Fu’s team found that the three cheese samples from the tombs contained bacterial and fungal species, including Lactobacillus kefiranofaciens and Pichia kudriavzeviirespectively, both very common in current kefir grains. The grains are a mixture of probiotic bacteria and yeasts that ferment milk to obtain kefir cheese.
Fu and his colleagues also sequenced the bacterial genes of ancient kefir cheese, revealing information about how probiotic bacteria evolved over the past 3,600 years.
Currently, there are two main groups of bacteria Lactobacillus: one that originated in Russia and another in Tibet, an autonomous region of China, according to the study. The Russian type is widely used around the world, including in the United States, Japan, and European countries, to make yogurt and cheese.
When Fu and his colleagues compared the Lactobacillus kefiranofaciens of ancient kefir cheese with the modern species, they found that it was closely related to a less common group of Lactobacillus which originated in Tibet.
The origin of the bacteria challenges the long-held belief that kefir originated only in the Caucasus Mountain region, Fu said.

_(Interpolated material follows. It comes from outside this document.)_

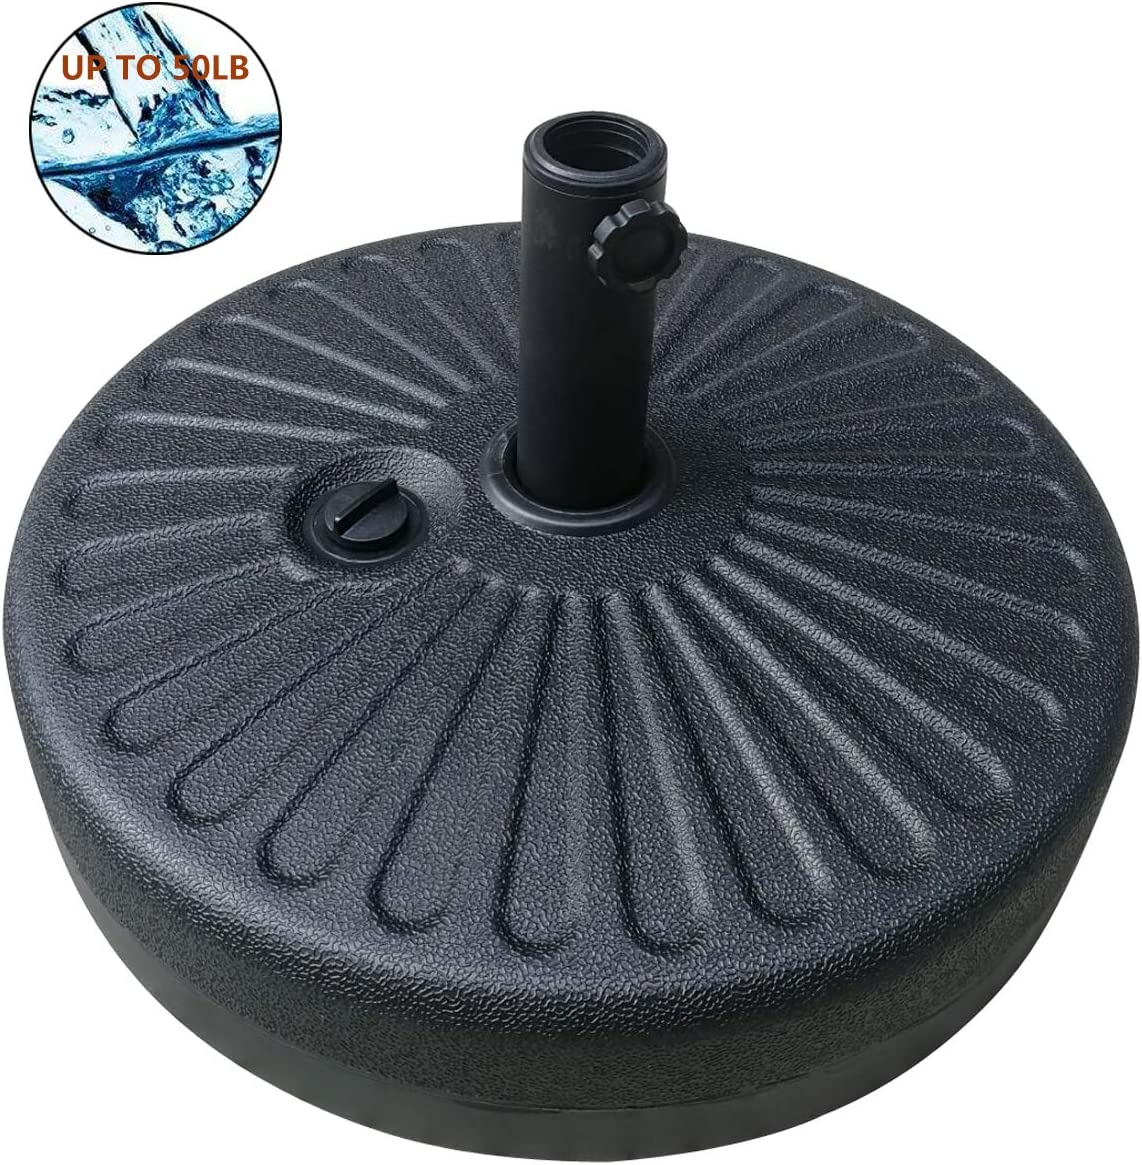 Jadada 50LB Umbrella Base Stand Water Filled Market Patio Outdoor Heavy Duty Umbrella Holder Black
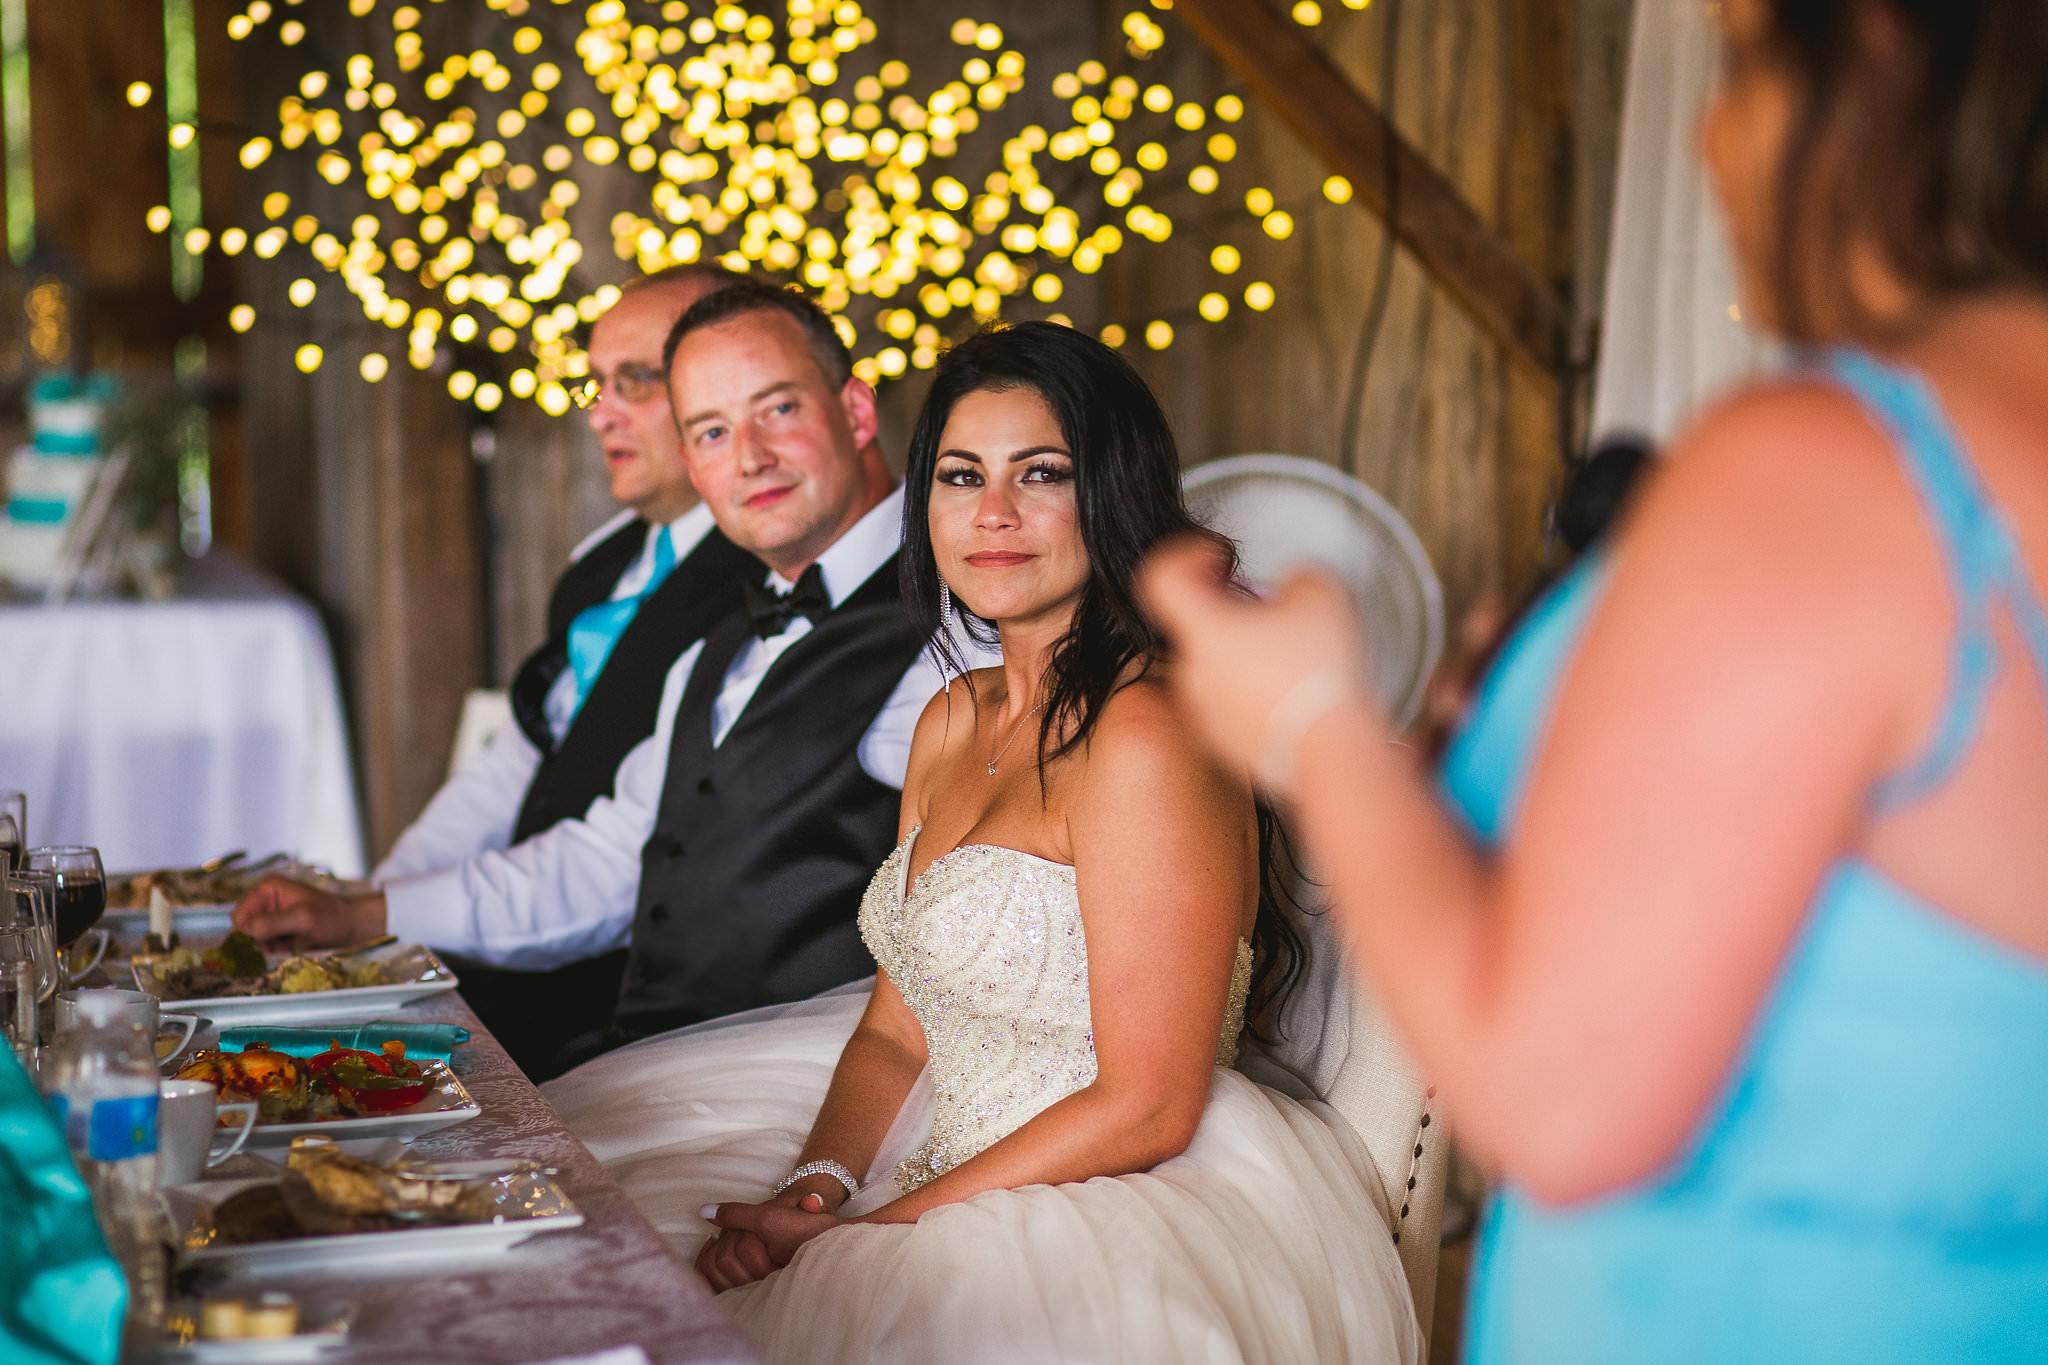 wedding reception at stoneacre farm

“This is an unprecedented study that allows us to observe how a bacteria evolved over the last 3,000 years. Furthermore, by examining dairy products, we have gained a clearer picture of ancient human life and its interactions with the world,” Fu said in a statement. “This is just the beginning.”
It was remarkable that not only had the cheese survived, but that it was possible to sequence the food’s DNA, Hermes said. “The analysis of ancient DNA, especially from microbes, is plagued by technical problems, mostly arising from contamination by modern bacteria,” he added.
When did cheese making really start?
It’s not surprising that the Xiaohe fermented cheese, Warinner said. The process made the milk easier to digest, while the microbes generated lactic acid, causing the milk to curdle and become the base for cheese.
“In the absence of refrigeration, it is essentially impossible to store milk for more than a few hours with spontaneous fermentation, so there was probably never a time when milk and dairy products were used without fermentation,” he said.
“However, over time people became increasingly better at controlling fermentation and selecting specific microbes that produced the most desirable effects in the production of dairy products,” he added.
While the dairy product found with the mummies is the oldest intact cheese in the archaeological record, other evidence, such as animal proteins in human dental calculus and milk residue on pottery, suggests that cheesemaking originated much earlier. , probably more than 9,000 years ago in Anatolia or the Levant, Warinner noted.
The genomic analysis the team performed was truly groundbreaking, said William Taylor, associate professor of anthropology at the University of Colorado at Boulder and curator of archeology at the school’s Museum of Natural History.
“It’s amazing to see the complexity of the products that people made, which is not normally preserved in the archaeological record,” said Taylor, who was not involved in the research.
“These incredible finds show us that cheese and other dairy products were really the basis of an entire lifestyle that would remain important for millennia and is still an important part of life today.”